J'ai perdu énormément d'objectivité vis à vis de ce livre. Il est malheureusement malmené, écorché, démystifié par une partie de l'élite politique, médiatique et littéraire. C'est par là que je vais débuter ma critique.


Il est extrêmement dommageable qu'une oeuvre -quelqu'elle soit- fasse office d'argument presque sacro-saint pour parler d'un auteur. L'actualité récente a même aggravé ce fait.


L'idée, chuchotée à demi-mot, d'une réédition prochaine des pamphlets à fait ressortir de le débat habituel de la séparation de l'oeuvre et l'auteur (séparation stupide mais là n'est pas le sujet). Et comme toujours avec Ferdinand nous avons eu le lot de ces "Céliniens" autoproclamés, adorant "la verve du voyage", haïssant "celle de bagatelle". C'est ce qui est bien avec le voyage, il permet de mettre en lumière les faux amateurs. En effet, aucun d'entre eux n'a l'idée d'opposer à la triplette pamphlétaire maudite "Guignol's Band", "Casse Pipe", "D'un château l'autre" ou que sais-je encore. Les plus téméraires évoqueront un vague souvenir de "Mort à crédit" mais ça n'ira jamais plus loin. Et c'est bien là le problème. Aussi extraordinaire soit cet ouvrage, il finit par occulter le reste de l'oeuvre du Docteur Destouches. Et pourtant, de son propre avis (et du mien) il ne s'agit pas là de son meilleur roman puisque son style n'était pas totalement abouti.
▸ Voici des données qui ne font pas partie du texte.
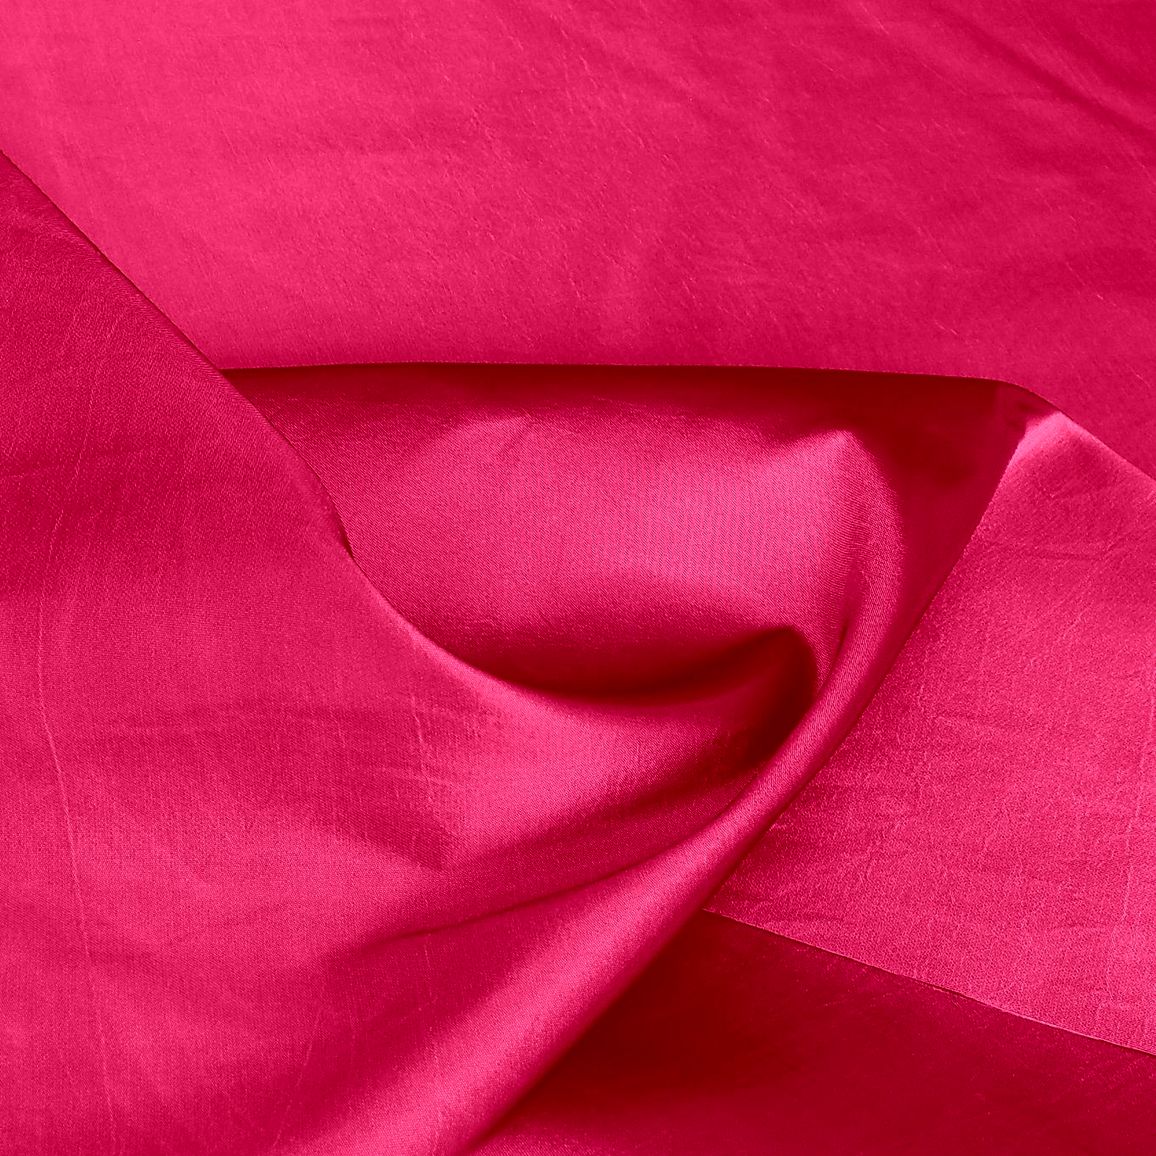 Kleider- und DekoTaft in Pink-Rot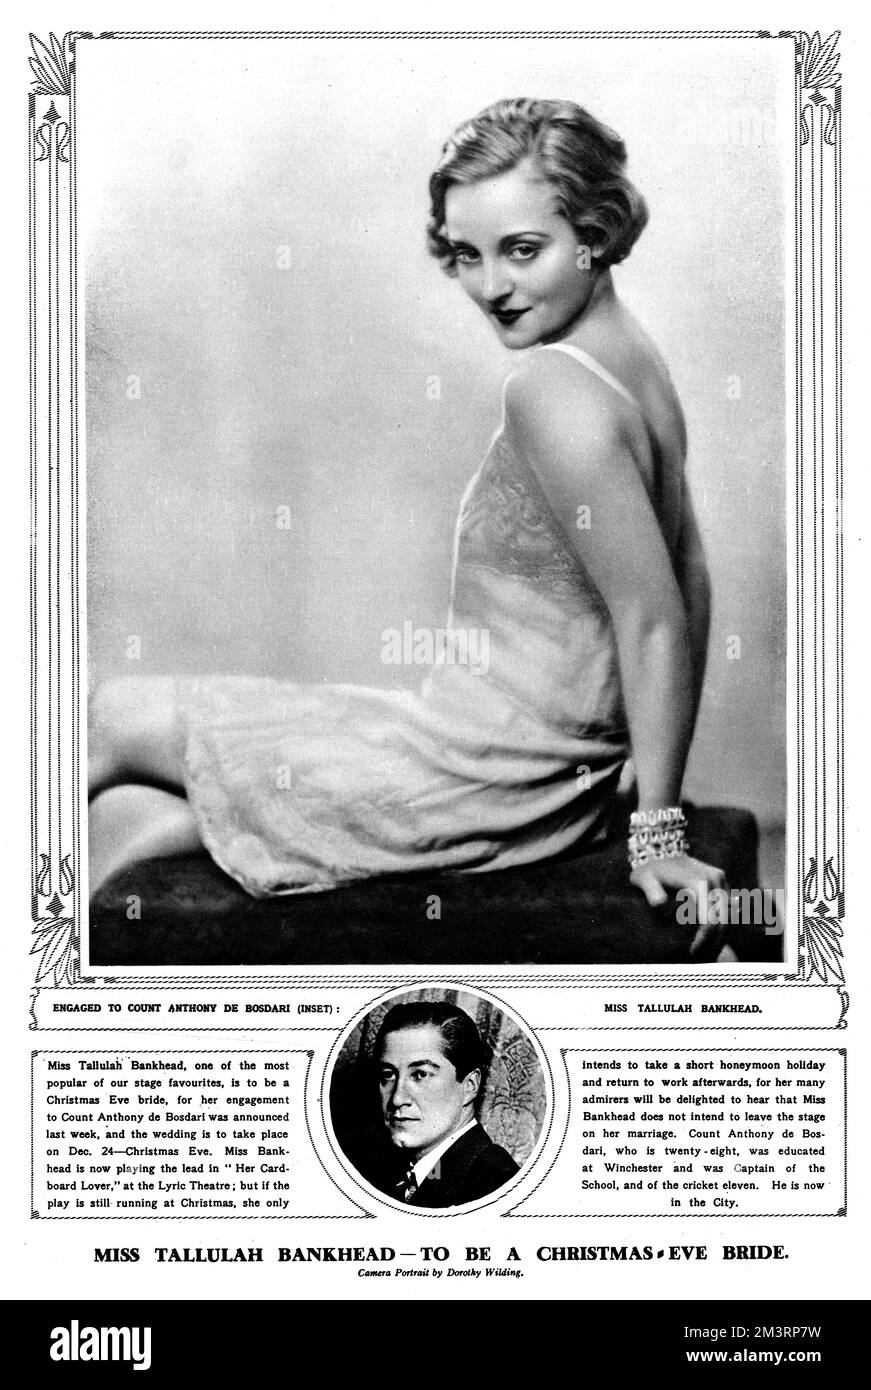 Fotografia in bianco e nero della popolare attrice americana Tallulah Bankhead che stava celebrando il suo impegno con il Conte Anthony de Bossari. Data: 28th novembre 1928 Foto Stock

Après cette -trop- longue introduction (justifiant le 9 plutôt que le 10), penchons-nous sur ce livre qui a, à coup sûr et peut-être plus que tout autre, marqué le XXème siècle (et mon esprit par la même occasion). Je ne vais pas revenir sur la trame narrative que tout le monde connaît plus ou moins. Nous sommes face à Ferdinand Bardamu qui nous entraine dans un voyage à travers la guerre, la colonisation, le capitalisme puis la misère sociale. Inutile également de revenir sur la portée autobiographique de cette oeuvre. La force principale de ce livre, c'est évidemment le style. Celui qui a divisé, choqué, qui fut conspué ou loué. La tentative d'un homme de se battre tellement violemment avec sa feuille, qu'il finirait par y porter le langage parlé. Evidemment, à mes yeux, il s'agit d'une réussite. Le style, ce par quoi "on juge l'homme" (citation librement adapté d'une interview de Céline de 1958), est magnifié dans ce bouquin. L'argot mêlé à des tournures soutenues transportent littéralement, renvoient à la dualité même du lecteur. Il est évident que ce style ne peut convenir à tout le monde (notamment les plus Proustiens), mais on ne peut enlevé la puissance verbale, les images, les descriptions, la philosophie nihiliste développées ici.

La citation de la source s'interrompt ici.